Problem to solve =>
If a line of the material holds the string "Black", please copy it.

<<<<

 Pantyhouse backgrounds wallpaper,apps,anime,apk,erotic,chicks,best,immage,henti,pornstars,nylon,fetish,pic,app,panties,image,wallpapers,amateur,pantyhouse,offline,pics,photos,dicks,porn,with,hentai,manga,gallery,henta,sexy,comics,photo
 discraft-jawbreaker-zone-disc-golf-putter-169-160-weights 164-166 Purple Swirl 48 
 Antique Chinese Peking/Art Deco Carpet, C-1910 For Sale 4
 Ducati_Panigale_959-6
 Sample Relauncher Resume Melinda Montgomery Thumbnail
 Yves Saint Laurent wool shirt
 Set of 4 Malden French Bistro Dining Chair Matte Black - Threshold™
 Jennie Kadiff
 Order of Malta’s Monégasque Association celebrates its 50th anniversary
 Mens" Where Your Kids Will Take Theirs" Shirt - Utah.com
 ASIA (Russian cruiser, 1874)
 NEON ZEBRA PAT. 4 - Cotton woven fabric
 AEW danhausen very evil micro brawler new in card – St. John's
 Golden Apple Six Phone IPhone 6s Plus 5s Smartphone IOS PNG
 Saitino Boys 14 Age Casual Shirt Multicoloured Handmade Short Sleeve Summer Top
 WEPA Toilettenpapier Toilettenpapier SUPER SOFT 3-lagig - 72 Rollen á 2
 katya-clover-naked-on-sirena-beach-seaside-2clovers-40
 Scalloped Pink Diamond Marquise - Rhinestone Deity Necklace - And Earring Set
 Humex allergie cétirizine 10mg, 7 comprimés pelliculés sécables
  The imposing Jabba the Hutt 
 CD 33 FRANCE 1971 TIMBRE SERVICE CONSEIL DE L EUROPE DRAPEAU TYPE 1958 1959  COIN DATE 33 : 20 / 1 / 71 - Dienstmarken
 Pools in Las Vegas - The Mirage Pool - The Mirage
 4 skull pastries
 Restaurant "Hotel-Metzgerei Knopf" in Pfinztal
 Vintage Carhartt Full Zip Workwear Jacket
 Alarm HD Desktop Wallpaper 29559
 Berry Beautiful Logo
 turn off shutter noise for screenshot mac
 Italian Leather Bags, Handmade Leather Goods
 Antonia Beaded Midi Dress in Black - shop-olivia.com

>>>>

Result =>
 Set of 4 Malden French Bistro Dining Chair Matte Black - Threshold™
 Antonia Beaded Midi Dress in Black - shop-olivia.com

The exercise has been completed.